[Opening MATERIAL PROVIDED section]

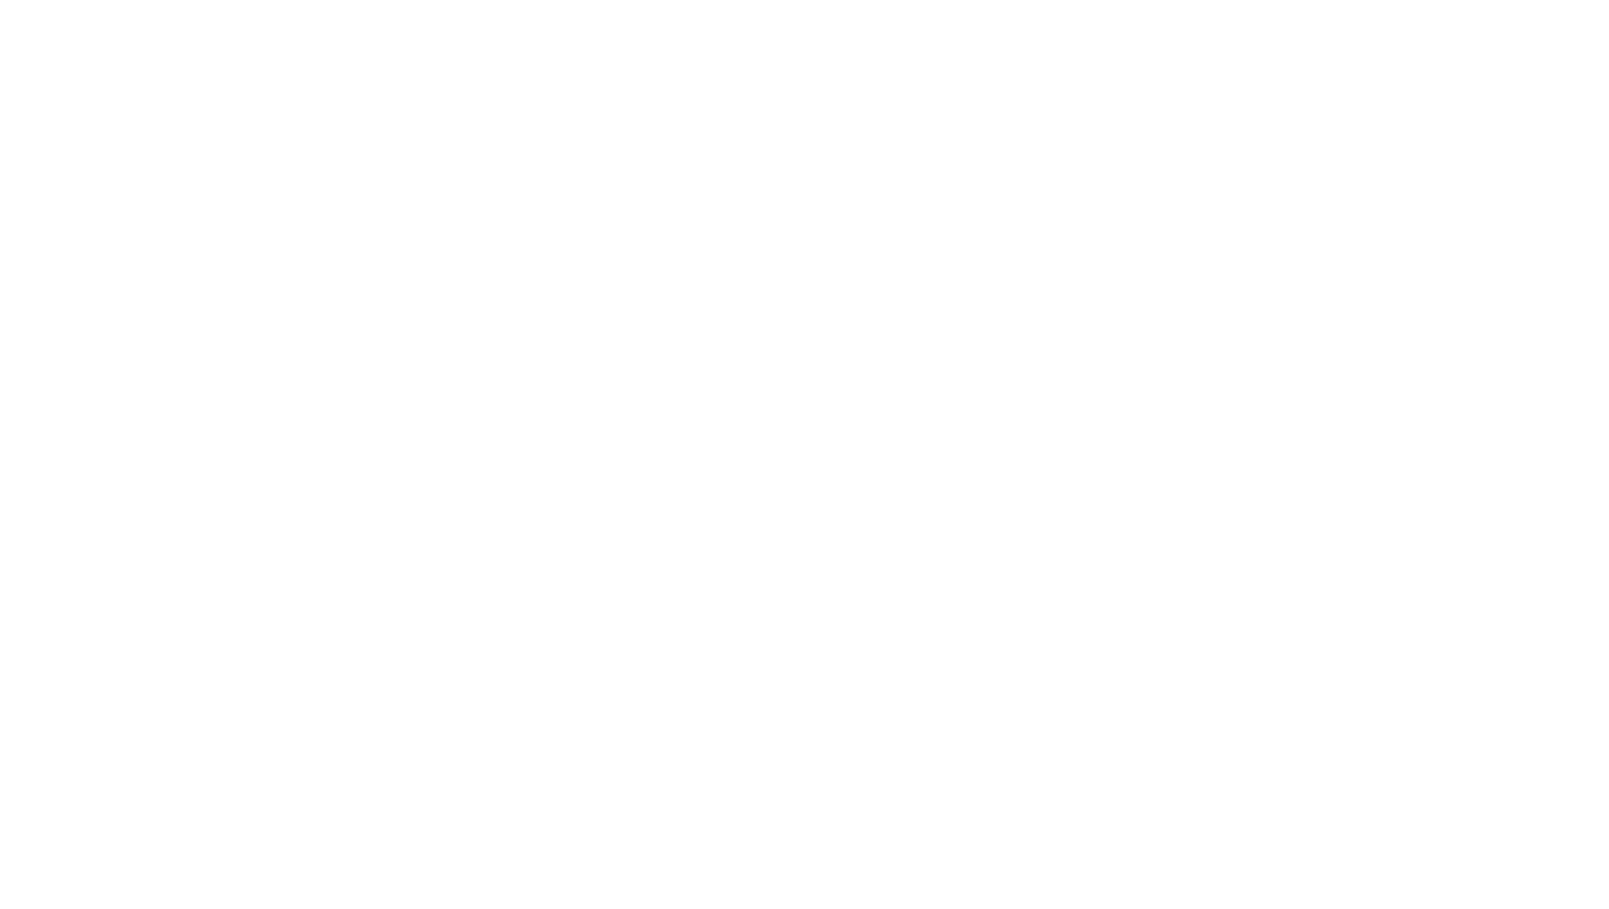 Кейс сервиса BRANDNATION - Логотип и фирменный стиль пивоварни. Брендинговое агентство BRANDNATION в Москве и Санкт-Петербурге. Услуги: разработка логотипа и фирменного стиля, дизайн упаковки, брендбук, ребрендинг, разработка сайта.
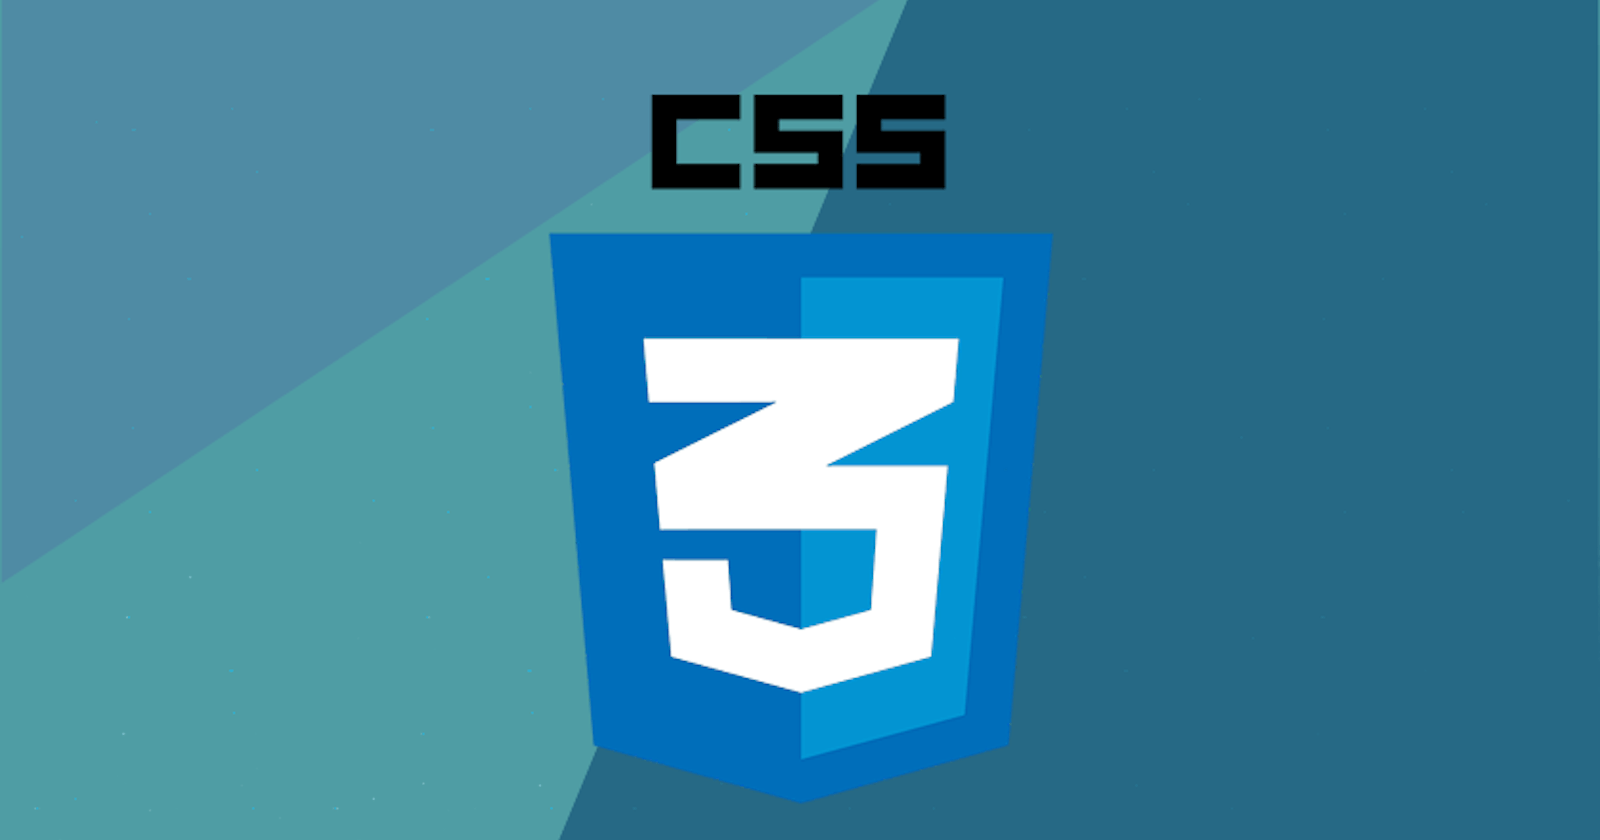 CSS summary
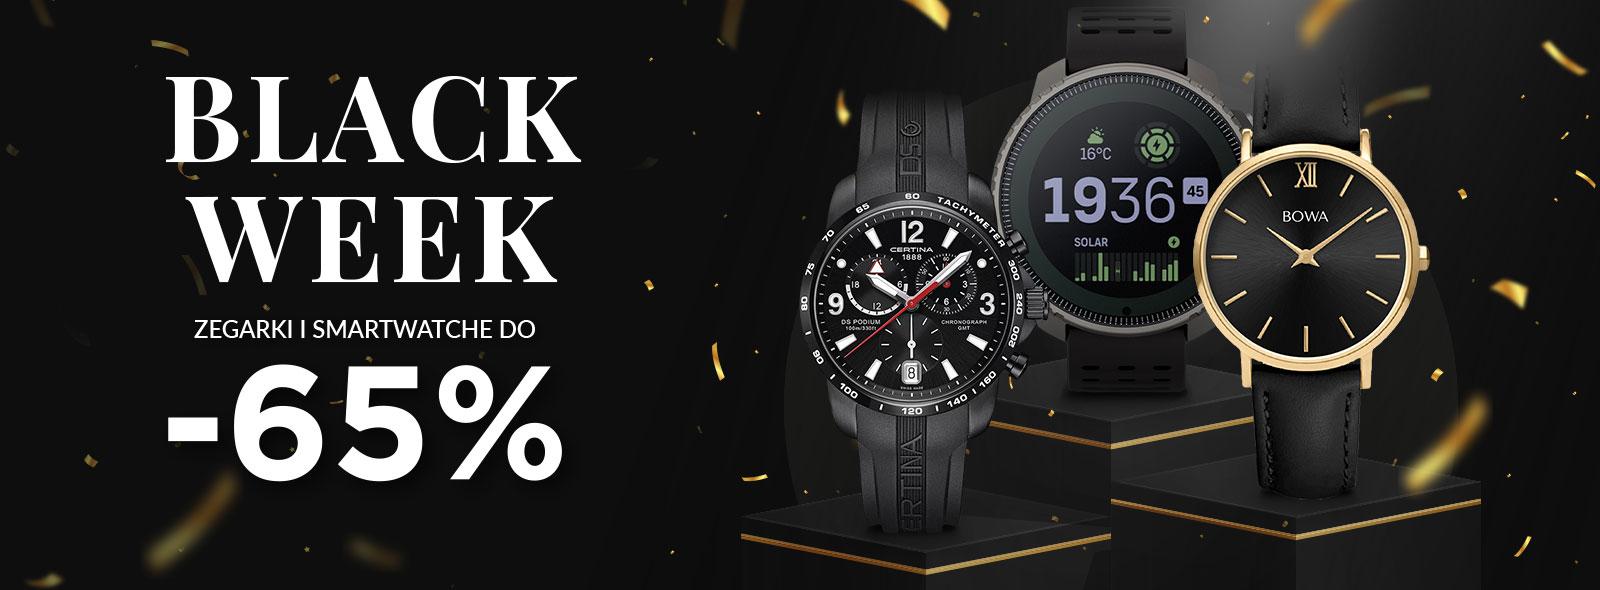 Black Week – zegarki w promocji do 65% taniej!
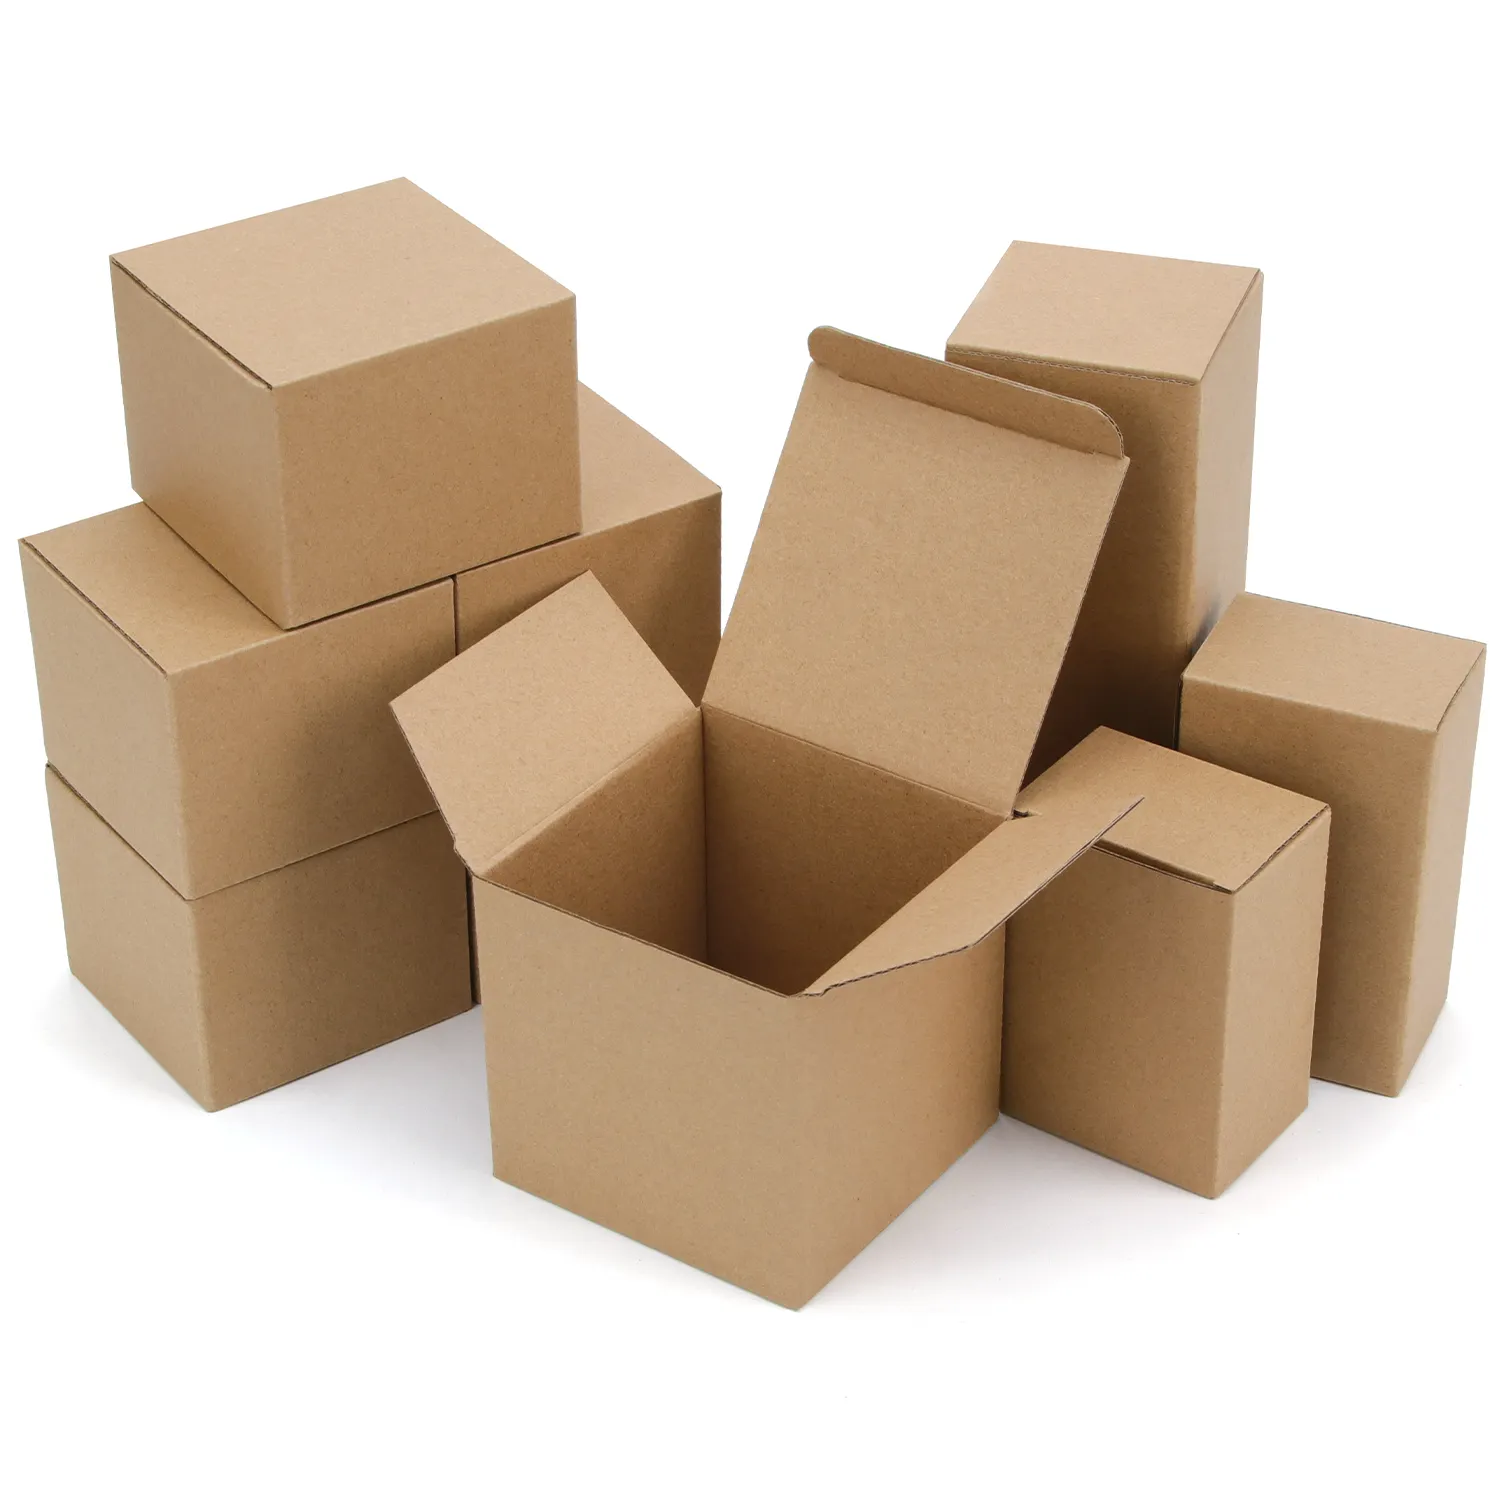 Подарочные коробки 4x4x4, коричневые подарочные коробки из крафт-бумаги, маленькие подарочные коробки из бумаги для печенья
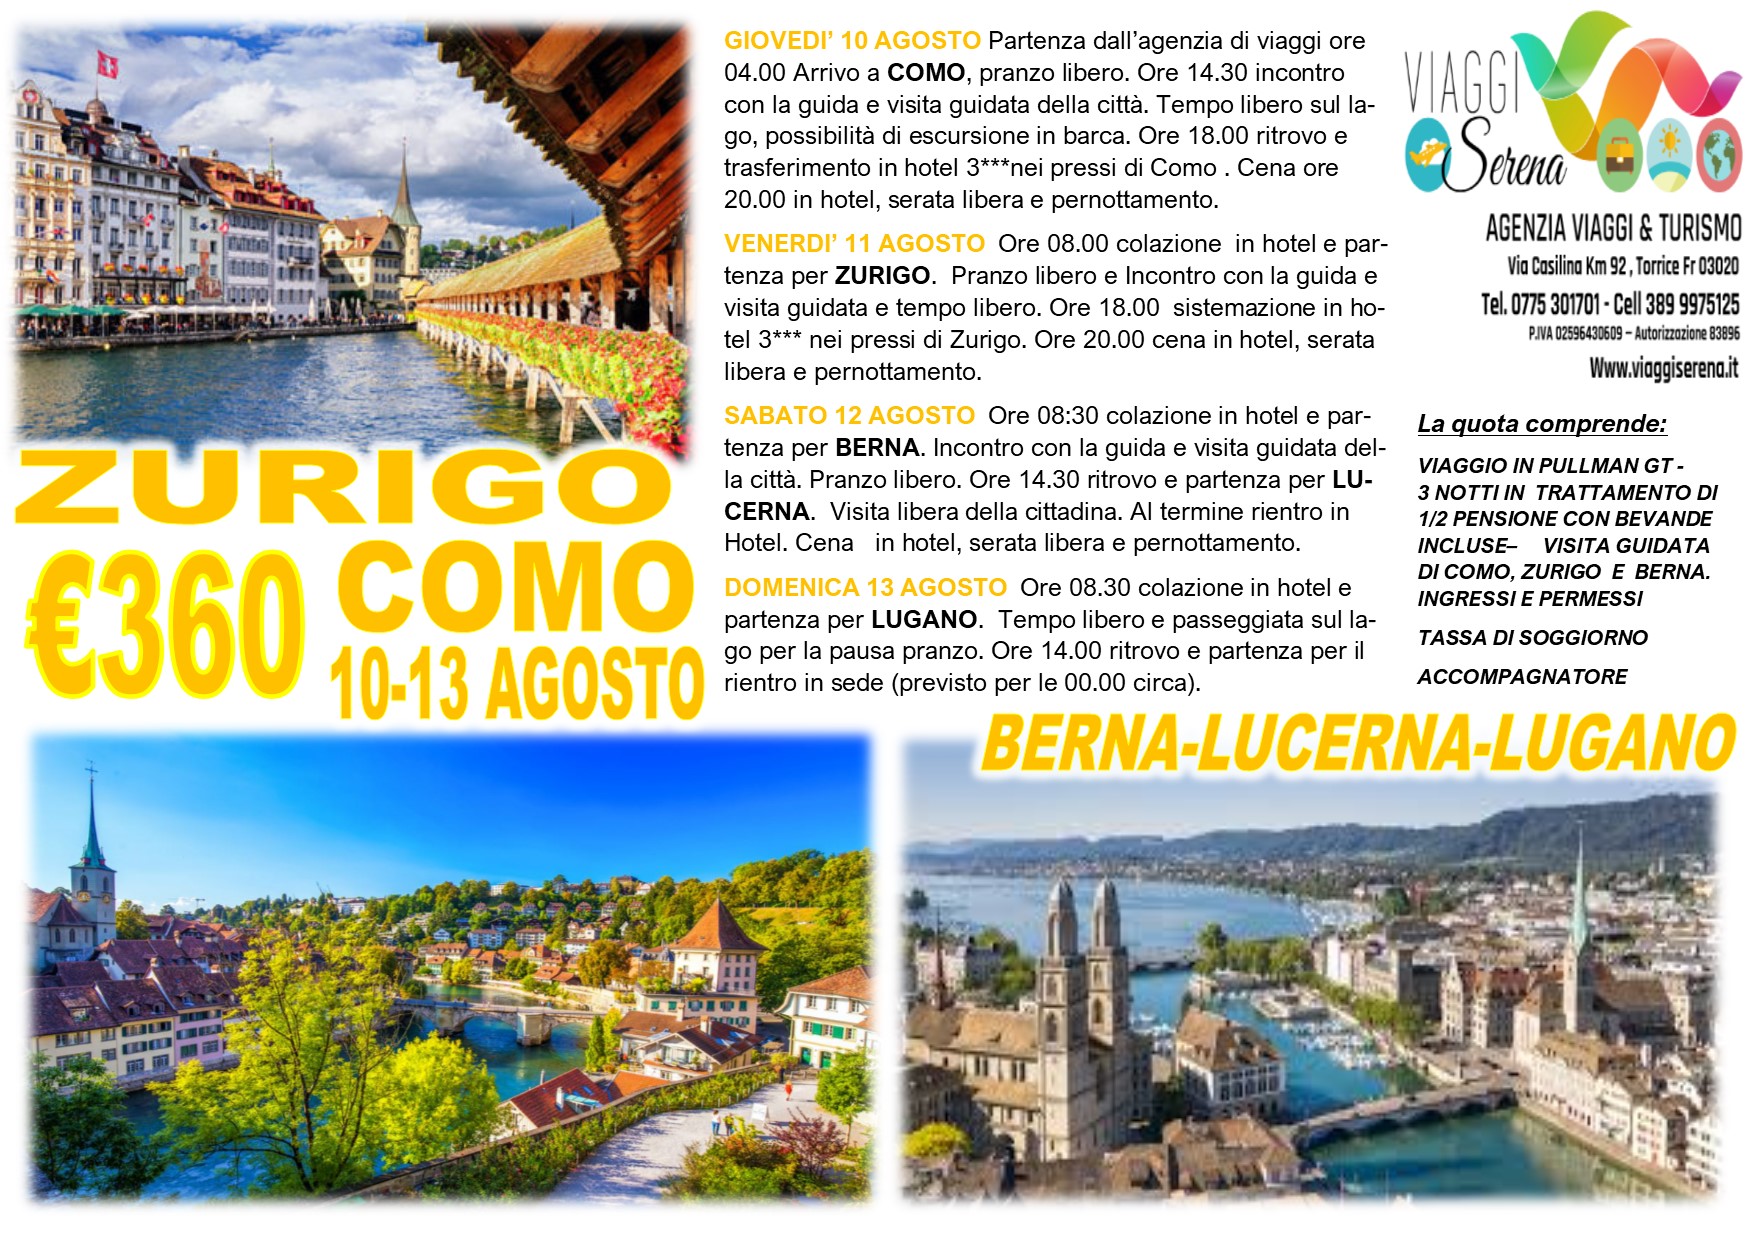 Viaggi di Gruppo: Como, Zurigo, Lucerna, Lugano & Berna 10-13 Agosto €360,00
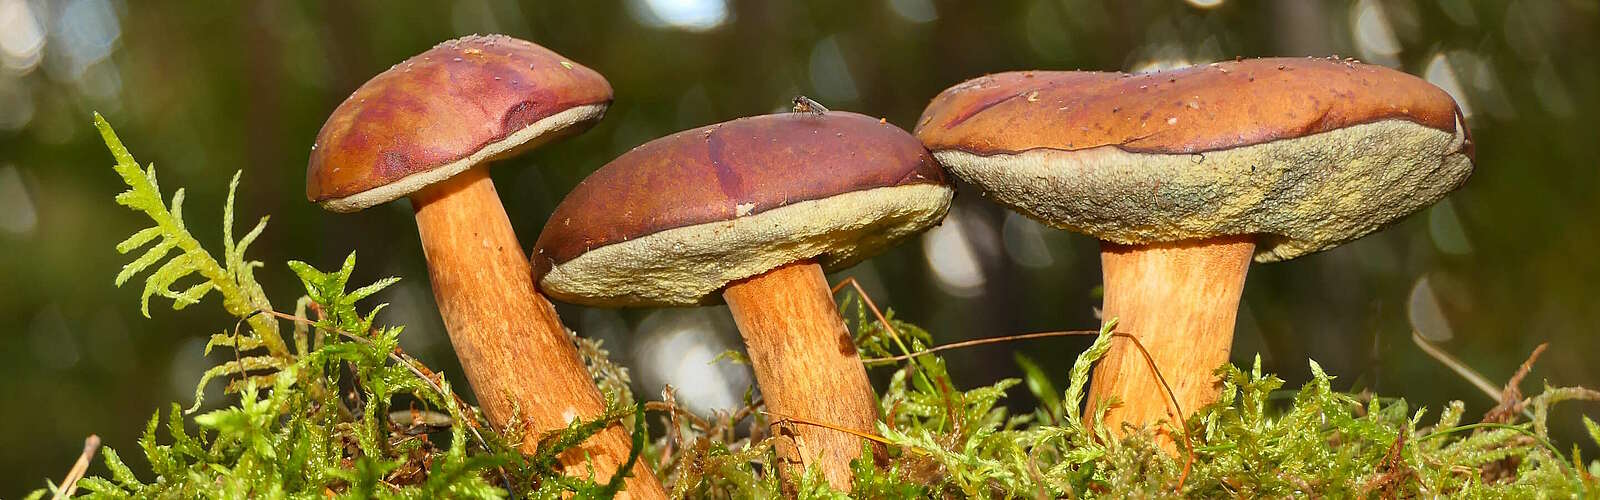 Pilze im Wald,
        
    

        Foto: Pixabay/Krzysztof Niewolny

[Closing MATERIAL PROVIDED section]

* **WHAT IS NEEDED**
Could the entries above be written out word for word, pictures excluded?

* **OUTPUT OF THE TASK**
 Кейс сервиса BRANDNATION - Логотип и фирменный стиль пивоварни. Брендинговое агентство BRANDNATION в Москве и Санкт-Петербурге. Услуги: разработка логотипа и фирменного стиля, дизайн упаковки, брендбук, ребрендинг, разработка сайта.
 CSS summary
 Black Week – zegarki w promocji do 65% taniej!
 Подарочные коробки 4x4x4, коричневые подарочные коробки из крафт-бумаги, маленькие подарочные коробки из бумаги для печенья
 Viaggi di Gruppo: Como, Zurigo, Lucerna, Lugano & Berna 10-13 Agosto €360,00
 Pilze im Wald,
        
    

        Foto: Pixabay/Krzysztof Niewolny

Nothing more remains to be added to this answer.